Os esplendores da Idade Média se originaram da escravidão a Nossa Senhora

Santo do Dia, 13 de outubro de 1972

A D V E R T Ê N C I A

O presente texto é adaptação de transcrição de gravação de conferência do Prof. Plinio Corrêa de Oliveira a sócios e cooperadores da TFP, mantendo portanto o estilo verbal, e não foi revisto pelo autor.

Se o Prof. Plinio Corrêa de Oliveira estivesse entre nós, certamente pediria que se colocasse explícita menção a sua filial disposição de retificar qualquer discrepância em relação ao Magistério da Igreja.

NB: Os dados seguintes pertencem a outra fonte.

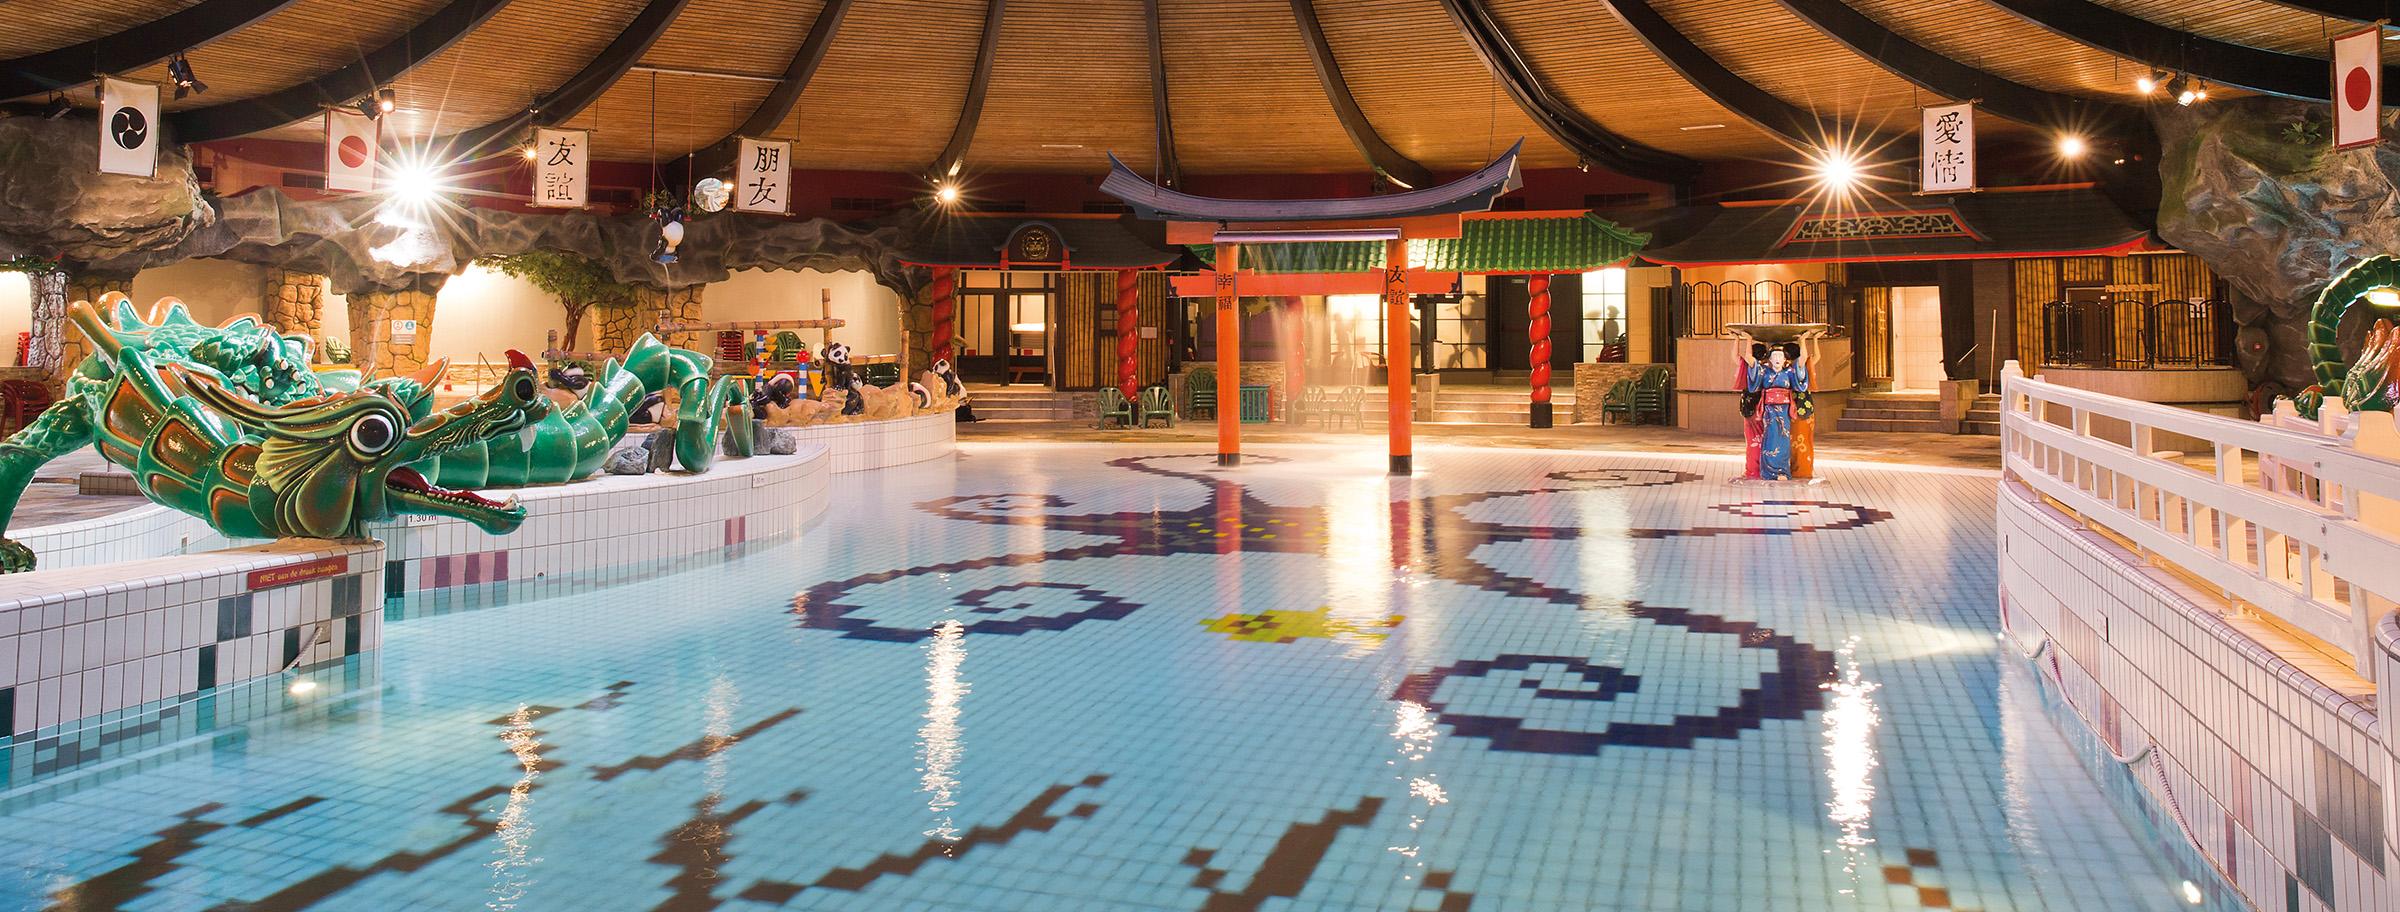 Supertrips - All-inclusive Hotel De Bonte Wever Assen

É o que fazemos aqui constar, com suas próprias palavras, como homenagem a tão belo e constante estado de espírito:

“Católico apostólico romano, o autor deste texto  se submete com filial ardor ao ensinamento tradicional da Santa Igreja. Se, no entanto,  por lapso, algo nele ocorra que não esteja conforme àquele ensinamento, desde já e categoricamente o rejeita”.

As palavras “Revolução” e “Contra-Revolução”, são aqui empregadas no sentido que lhes dá o Prof. Plínio Corrêa de Oliveira em seu livro “Revolução e Contra-Revolução“, cuja primeira edição foi publicada no Nº 100 de “Catolicismo”, em abril de 1959.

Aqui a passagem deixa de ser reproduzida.